The scientists and researchers who try to
build computers that attempt to duplicate some of the brain’s capabilities, even
crudely, have long faced a significant problem. Our best conventional technology
looks nothing like the biological system it attempts to emulate, nor is this
simply an issue of scale. Computer processors are built on 2D planar silicon,
connect via controller hubs (both on-die and across server nodes), and use a
simple binary system for determining whether or not a given transistor is on or
off.
People tend to think of the problem as
being one of scale. It isn’t. As John Hewitt explored in an article in January, the
problem isn’t that transistors are too big, it’s that neurons connect to each
other in 3D and are decidedly non-binary. The release of neurotransmitters in
the brain is governed by the movement of calcium ions across cell membranes.

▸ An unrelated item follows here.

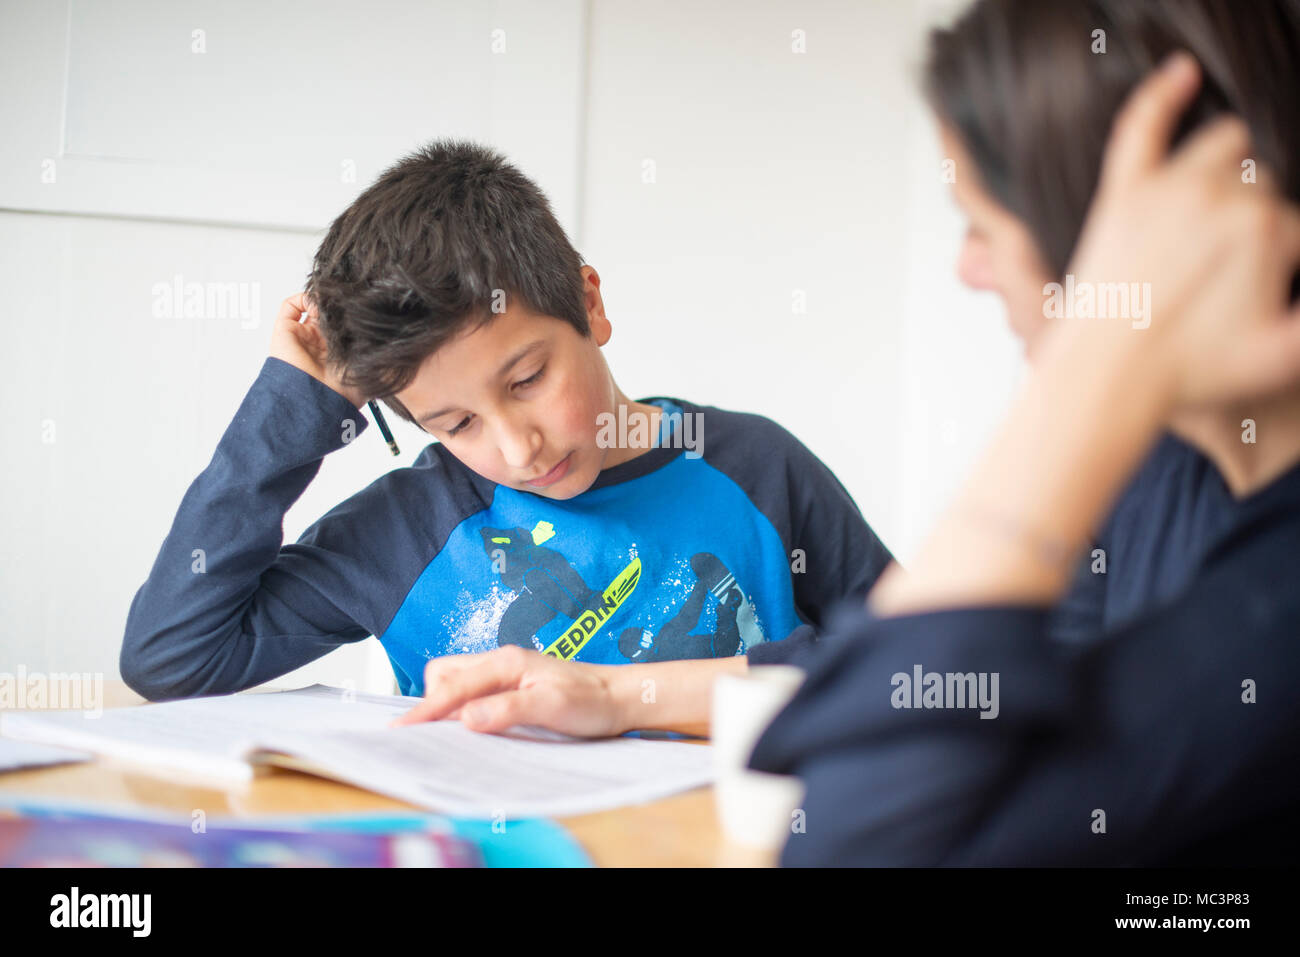 Private tutoring at home-10-11 years boy  having a maths lesson at home-selective focus Stock Photo

Large influxes of calcium into the synapse produce larger downstream
effects.
IBM researchers have detailed a new
discovery that brings us one step closer to bridging the gap between synapses
and silicon. The research team has detailed a method for transforming an
insulative layer into a conductive material by exposing it to a charged fluid.
VO2 (vanadium(IV) oxide) is a compound with a particularly odd (and interesting)
habit. It transforms from an insulator to a conductor depending on its
temperature. That’s the sort of capability that makes scientists giddy, but it’s
just the starting point for what the IBM team found.
By exposing the VO2 thin film to an ionic
fluid, the scientists were able to stabilize the metallic phase of VO2 down to
five degrees Kelvin. Normally, VO2 is an insulator below 340K (68C) and
metallic/conductive at 68C or above. The previous explanation for this dramatic
change in behavior is called electrolyte gating. This theory posited that the
dramatic change in VO2′s transition capabilities was caused by the introduction
of the ionic liquid into the gate structure.
The research team tested this by cleaning
the heck out of their test substrate. The VO2 thin film was examined using X-ray
photoelectron spectroscopy (XPS) — no fluid was found. The treated VO2 film,
meanwhile, could still be flipped between low and high conductance by a
sufficient voltage change. The team confirmed its findings on VO2 thin films
over different substrates, to make certain that particular properties of the
underlying material weren’t the cause of the results.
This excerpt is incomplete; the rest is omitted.